Updated on October 31st, 2024 by Felix Martinez

The Dividend Kings are a group of just 53 stocks that have increased their dividends for at least 50 years in a row. We believe the Dividend Kings are among the highest-quality dividend growth stocks to buy and hold for the long term.

With this in mind, we created a full list of all 53 Dividend Kings. You can download the full list, along with important financial metrics such as dividend yields and price-to-earnings ratios, by clicking on the link below:

 

Each year, we individually review all the Dividend Kings. The next in the series is MSA Safety (MSA).  This article will analyze the company in greater detail.

Business Overview

MSA Safety Incorporated, formerly Mine Safety Appliances, was established in 1914. Today, it develops and manufactures safety products. Customers come from various industrial markets, including oil & gas, fire service, construction, mining, and the military.

Source: Investor Presentation

MSA Safety’s major products include gas and flame detection, air respirators, head protection, fall protection, air-purifying respirators, and eye protection gear.

The company reported a slight decline in third-quarter 2024 sales, with revenues reaching $433 million, a 3% decrease from the previous year.

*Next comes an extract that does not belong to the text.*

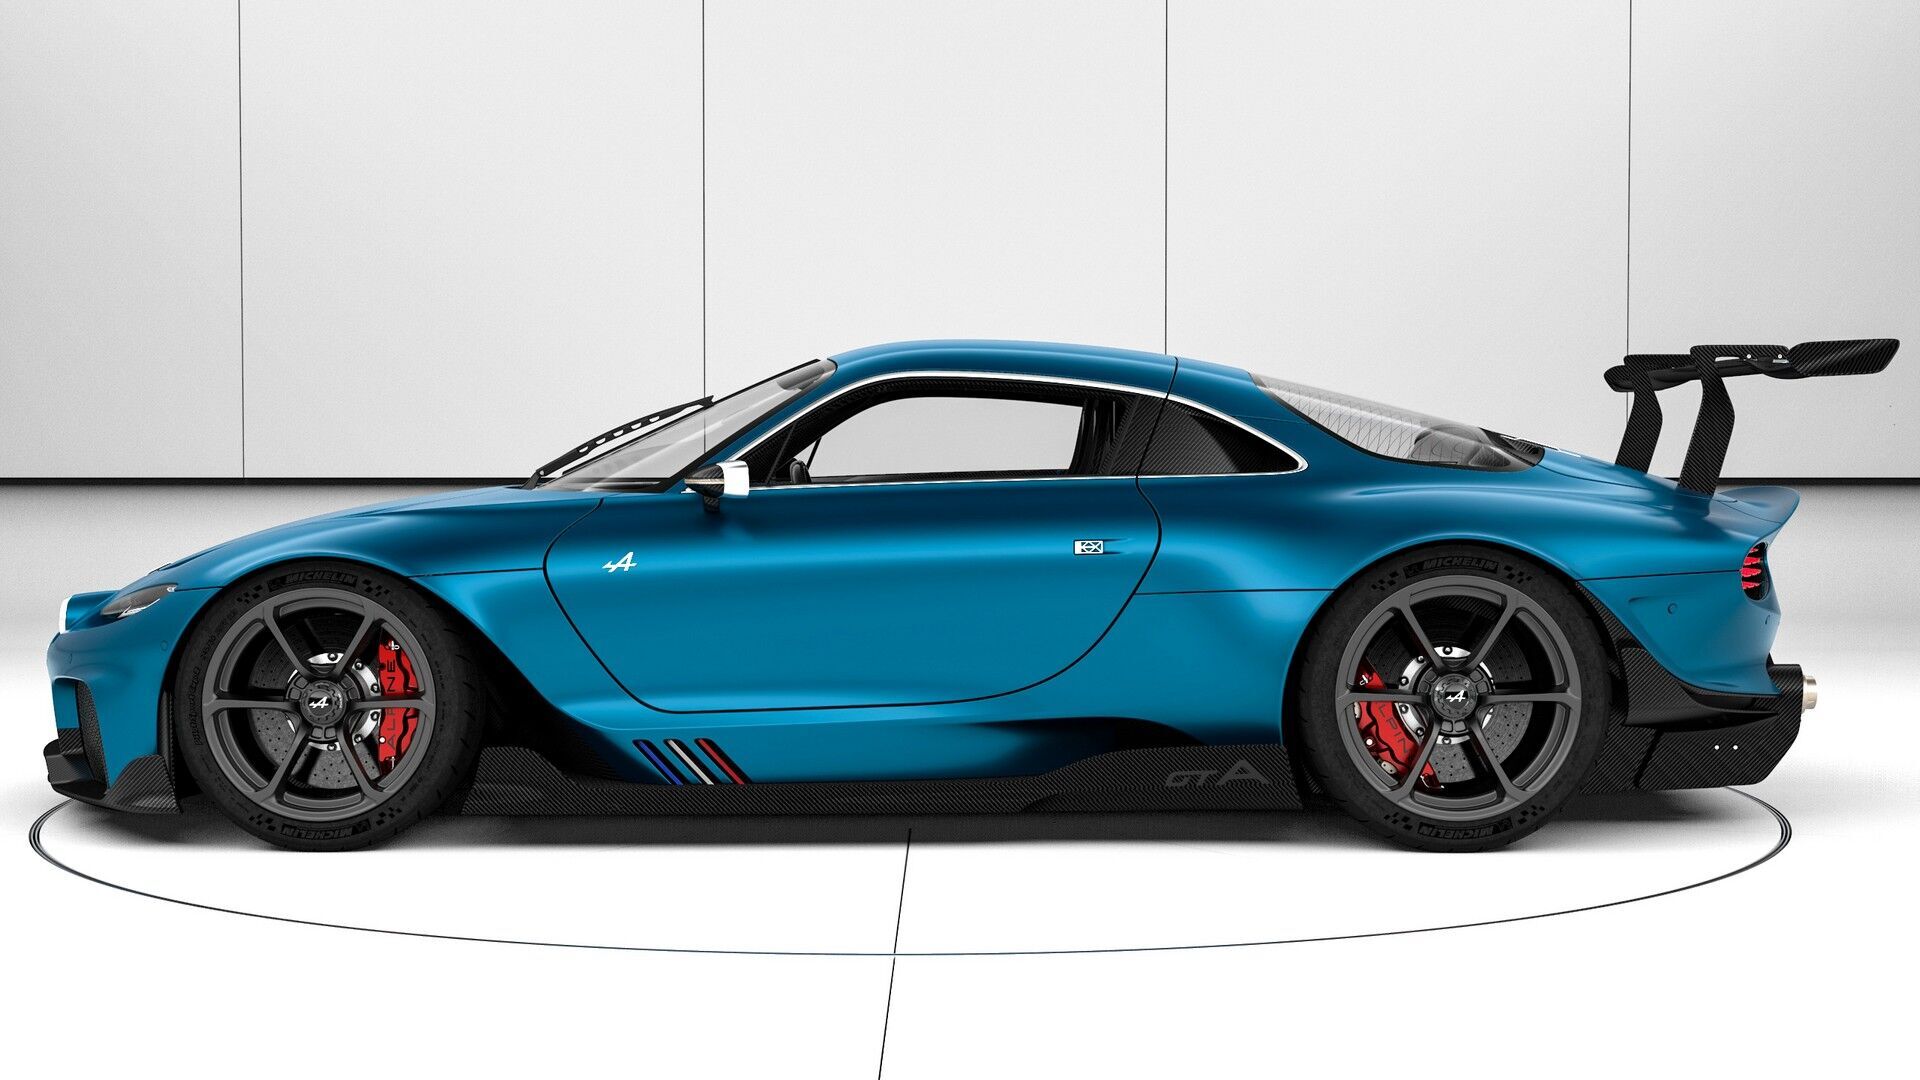 П'ятий екземпляр GTA Concept пофарбований у фірмовий синій колір марки

The company maintained solid profit margins despite a modest contraction in sales, primarily due to delays in the shipment of self-contained breathing apparatuses and specific customer order slowdowns. MSA posted a GAAP operating income of $91 million, making up 21.1% of sales, with an adjusted operating income of $98 million, or 22.6% of sales. Additionally, MSA achieved $1.69 per diluted share in net income, while adjusted earnings per share rose slightly to $1.83. The company also continued its balanced capital allocation strategy, reducing debt by $38 million, paying out $20 million in dividends, and investing $14 million in capital improvements.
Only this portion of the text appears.